Ignacio M. Liorente, from the Opennebula project, recently published an article entitled EUCALYPTUS, Cloudstack, OPENSTACK and opennebula:a tale of NonBlank Models's blog article analyzes the differences between the four cloud management platforms of Eucalyptus, Cloudstack, OpenStack and Opennebula from the perspective of application scenarios. Ignacio that VMware Vcloud and AWS represent two typical scenarios for data center virtualization and on-demand computing resources, as described above four open source cloud management platforms are basically VMware Vcloud or AWS are reference prototypes but differ in the implementation details from the reference prototypes. Ignacio the difference between the open source cloud platform and its reference prototype as flexibility (flexibility), with data center virtualization, on-demand computing resources, low flexibility, and high flexibility for the four quadrant to place the above four open source cloud management platforms in different locations, as shown in the following illustration. Ignacio further points out that the legend is not meant to show that an open source cloud platform is superior to other open source cloud platforms, but to demonstrate that different open source cloud management platforms apply to different customer requirements and different scenarios. In the current situation, the private cloud market is large, customer demand and application scenarios are very different, there is no one can take all the application scenarios of the cloud management platform. There will be competition and cooperation between the four cloud management platforms of the future Eucalyptus, Cloudstack, OpenStack and Opennebula, and the market and customers in this kind of competition and cooperation can be found.

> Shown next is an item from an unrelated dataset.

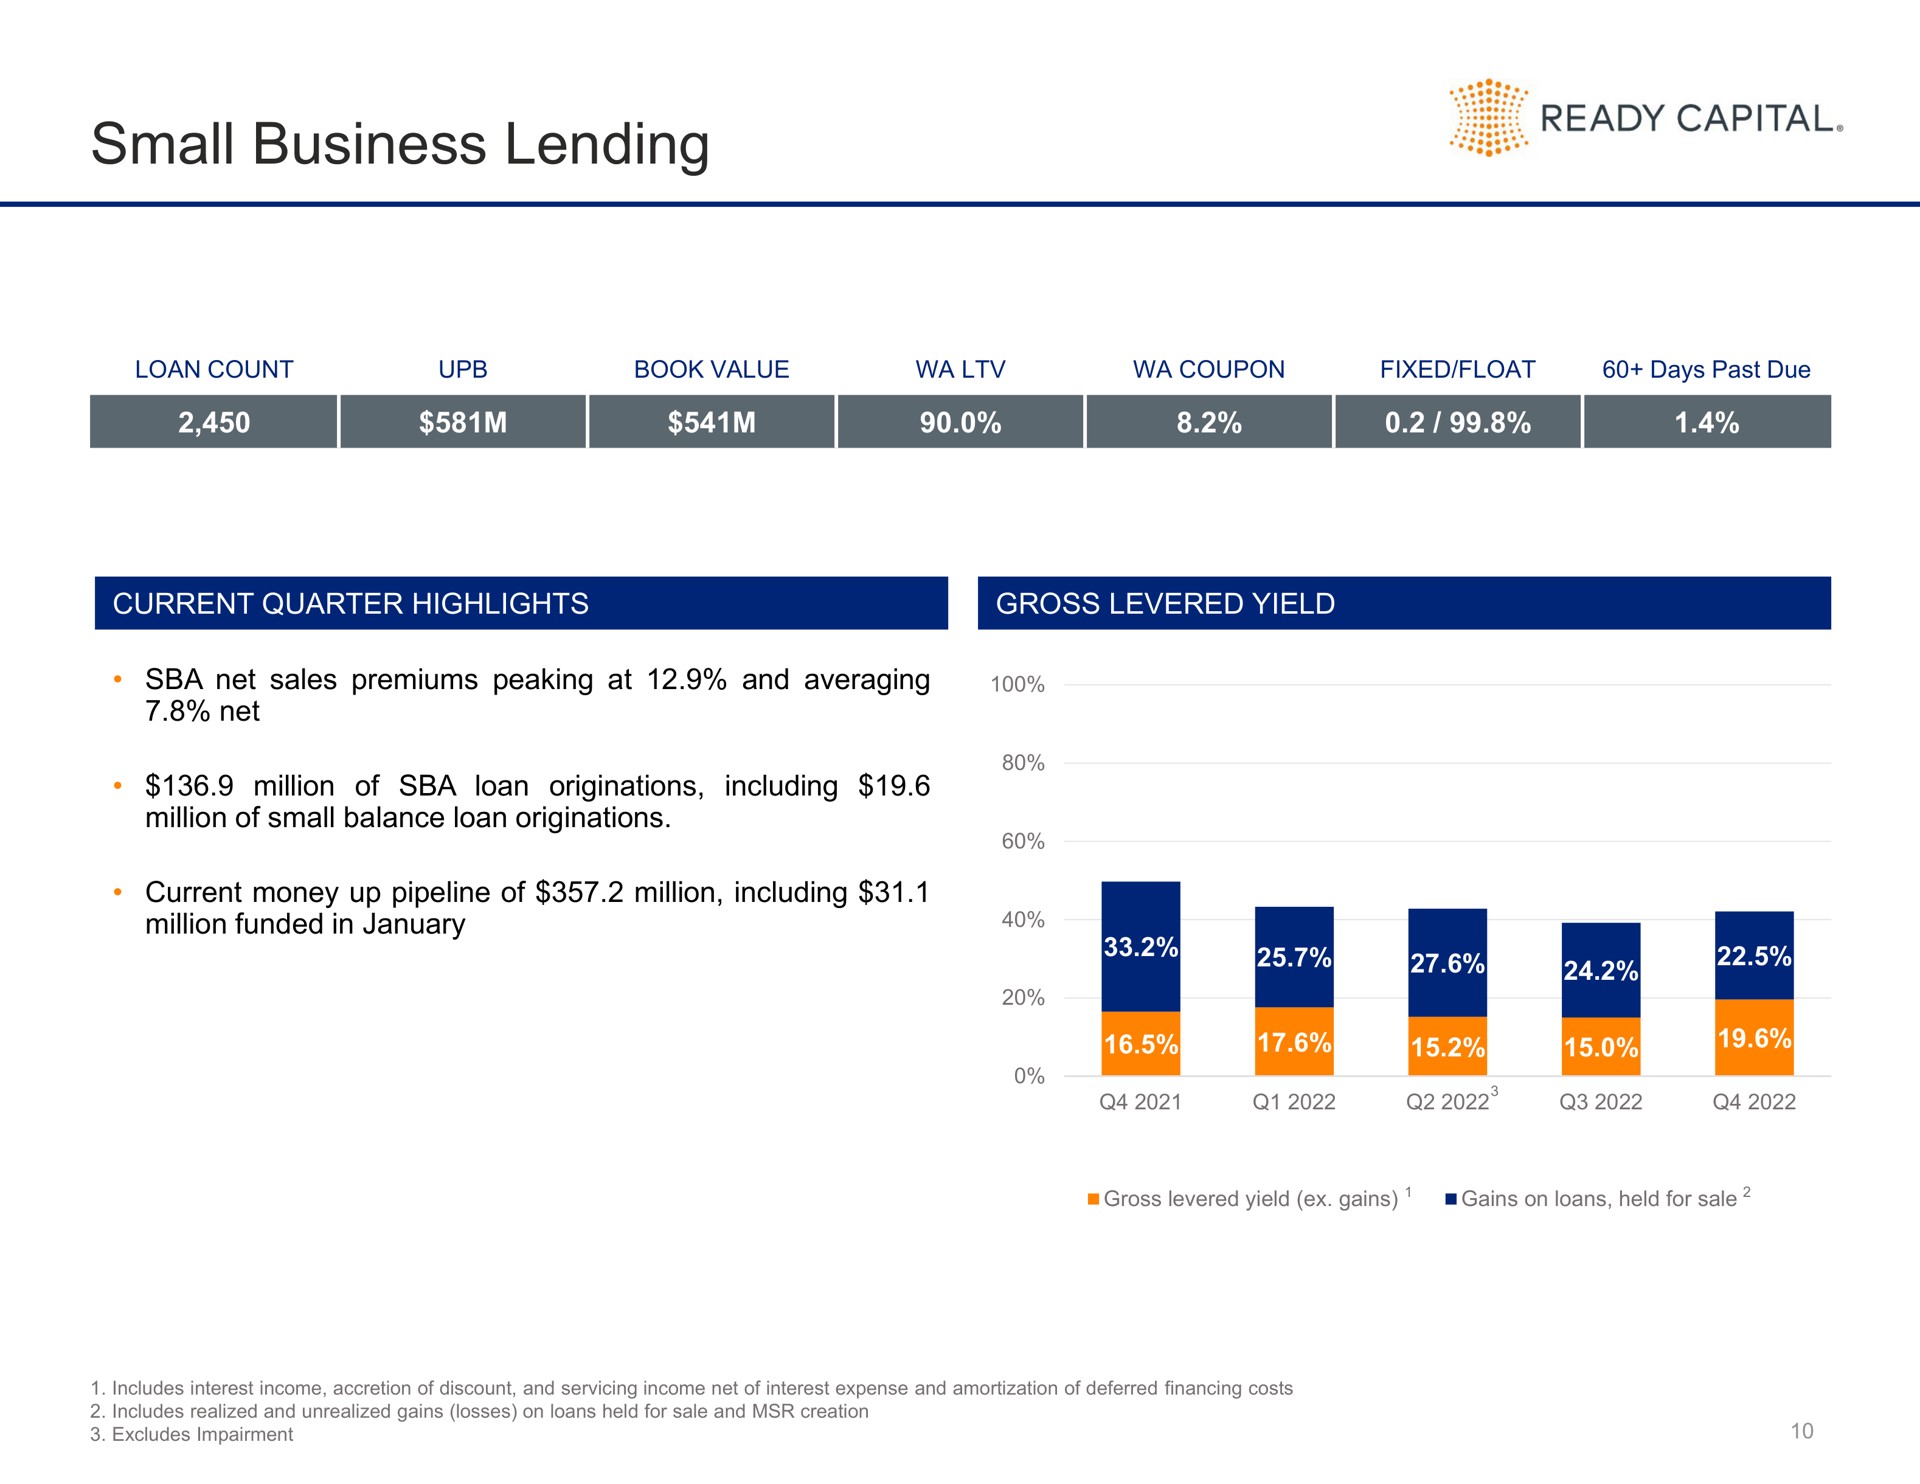 small business lending ready capital | Ready Capital

I basically agree with Ignacio M. Liorente that different cloud management platforms apply to different customer requirements and different scenarios, and that there is no cloud management platform that can take all the scenarios. By the same token, Eucalyptus also has its own good application scenarios, as well as the applications they are not good at. As a eucalyptus employee, I naturally hope that users from all walks of life use eucalyptus to build their private cloud. But in order to give full play to the potential of eucalyptus, I recommend that all potential customers first understand what eucalyptus is (or not), what eucalyptus can do (or can't do), and how to plan, implement, Use a private cloud based on eucalyptus.
Eucalyptus is (not) what?
Eucalyptus is an open source, highly compliant cloud management platform with AWS. Various cloud management platforms (such as OpenStack), which use AWS as reference prototypes, are somehow compatible with the AWS API, but only eucalyptus will be loyal to the AWS API to the level of corporate strategy and core competencies. Loyal compatibility with the AWS API means that customers can continue to use a variety of existing tools, scripts, and images (AMI) that are compatible with the AWS API in a private cloud environment to migrate loads and data between the Eucalyptus private cloud and the AWS Public Cloud, Or the private cloud based on eucalyptus as the development test environment but the AWS public cloud as the production environment.
Based on the cloud management platform four quadrant of Ignacio M. Liorente, VMWare Vcloud and AWS represent two typical scenarios for data center virtualization and on-demand computing resources. A cloud management platform that uses data center virtualization as a scenario often takes a bottom-up architecture designed to address the complexity of the data center; To obtain computing resources on demand the cloud management platform for the scenario typically takes a top-down architectural design designed to provide computing resources through a simple and efficient interface. The differences in design ideas make it difficult for a cloud management platform to have all the features of VMware Vcloud and AWS. Eucalyptus's high compatibility with AWS determines that eucalyptus is not a substitute for VMware Vcloud or VMware vcenter. Eucalyptus and VMware are trying to solve different problems that apply to different scenarios and therefore have different capabilities and features. There are often users who use Eucalyptus and VMware vcloud or VMware vcenter for feature or feature comparisons. They don't realize that eucalyptus and VMware Vcloud or VMware vcenter are not exactly the same type of software, there is no way to directly perform functional or feature comparisons.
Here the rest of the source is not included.